> _EXERCISE BRIEF_
All of the data below is to be repeated exactly, except for the pictures.

> _DATA SECTION_
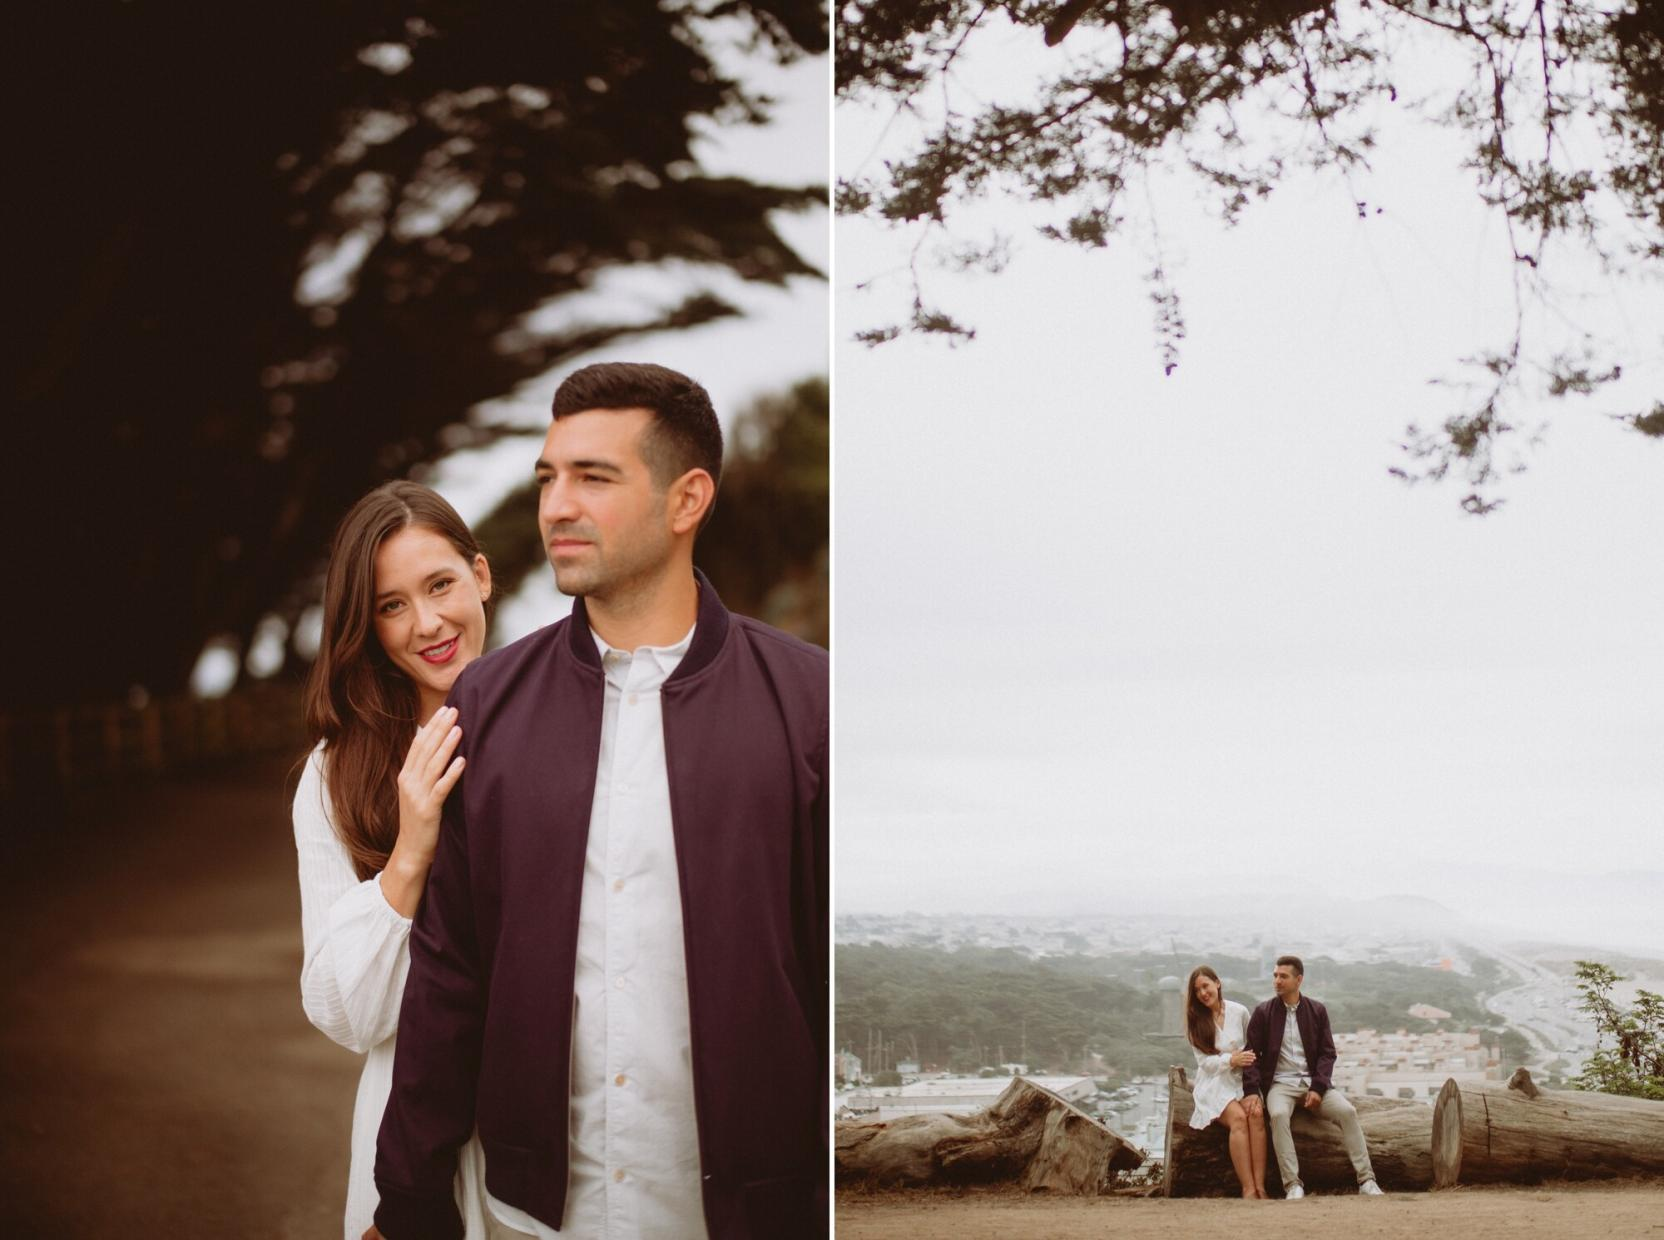 sutro baths engagement photos bay area wedding photographer
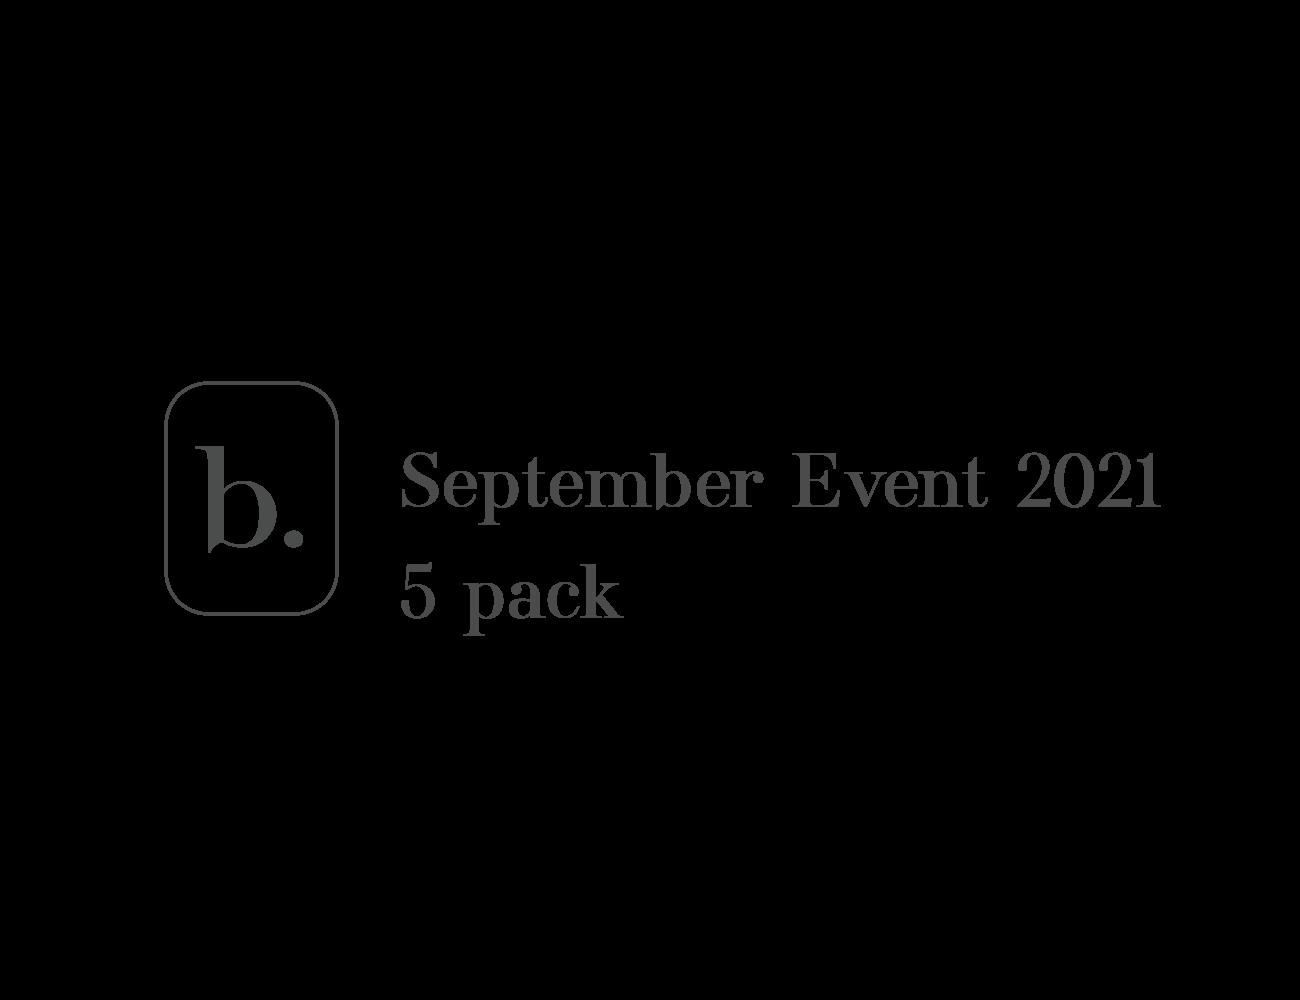 bio 2021 event - 5 pack
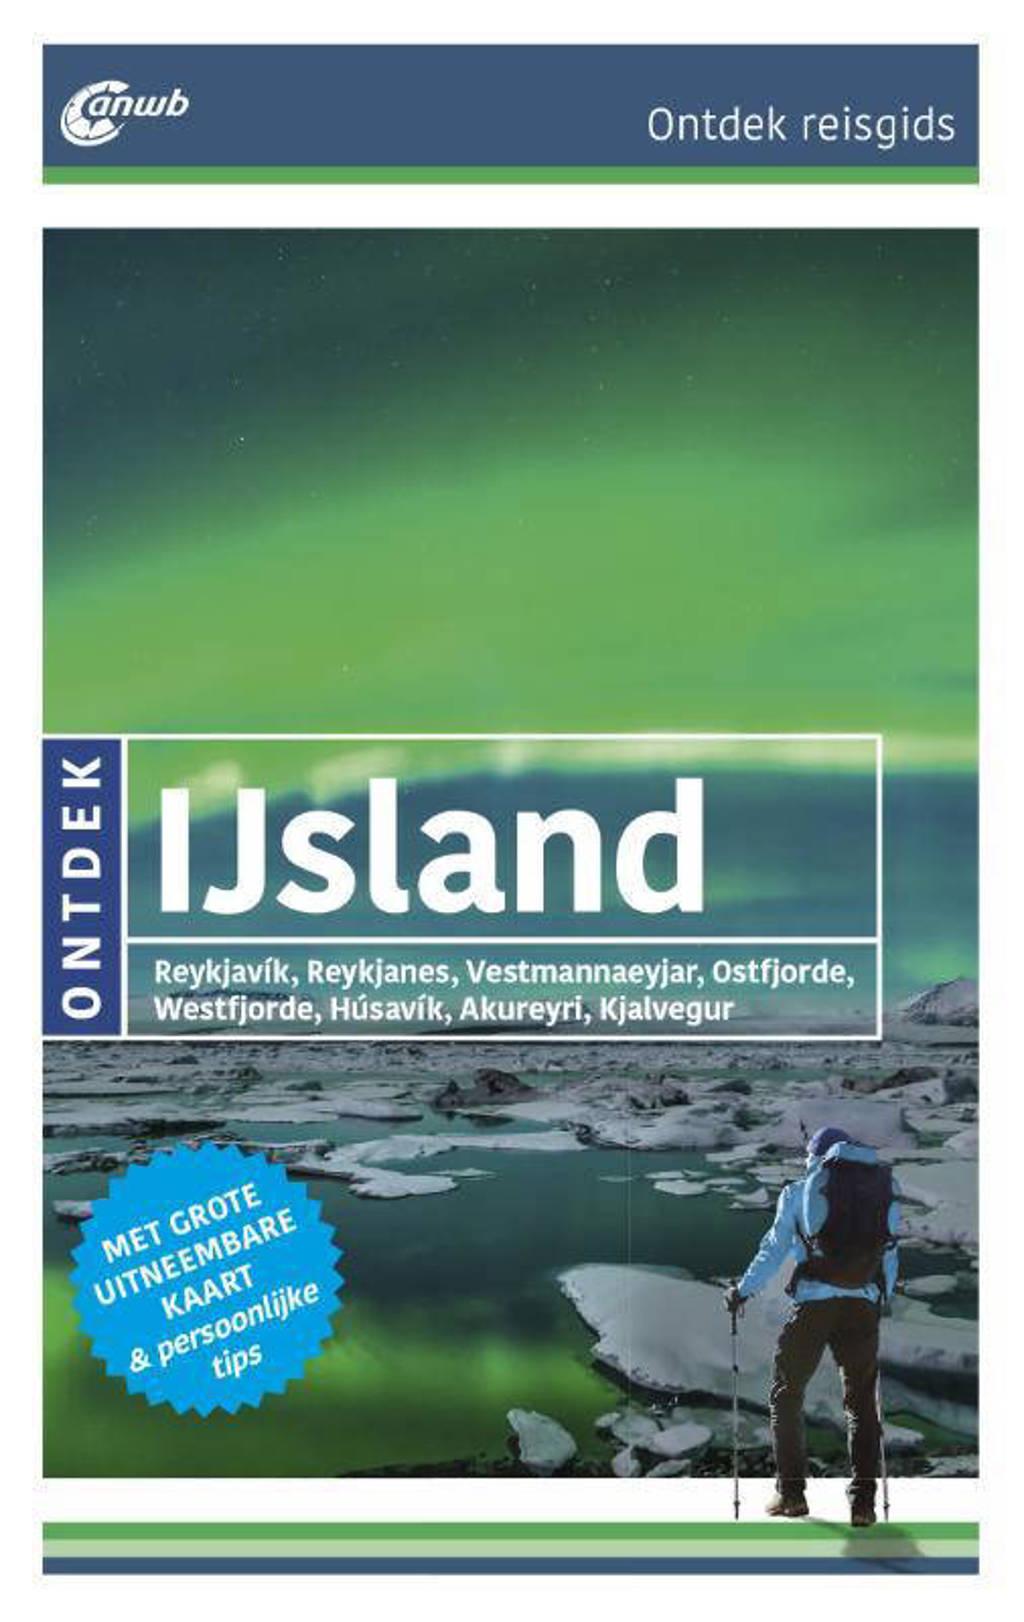 b27f52c8525 Sabine Barth ANWB Ontdek reisgids: IJsland | wehkamp

> _TASK SOLUTION_
 sutro baths engagement photos bay area wedding photographer
 bio 2021 event - 5 pack
 b27f52c8525 Sabine Barth ANWB Ontdek reisgids: IJsland | wehkamp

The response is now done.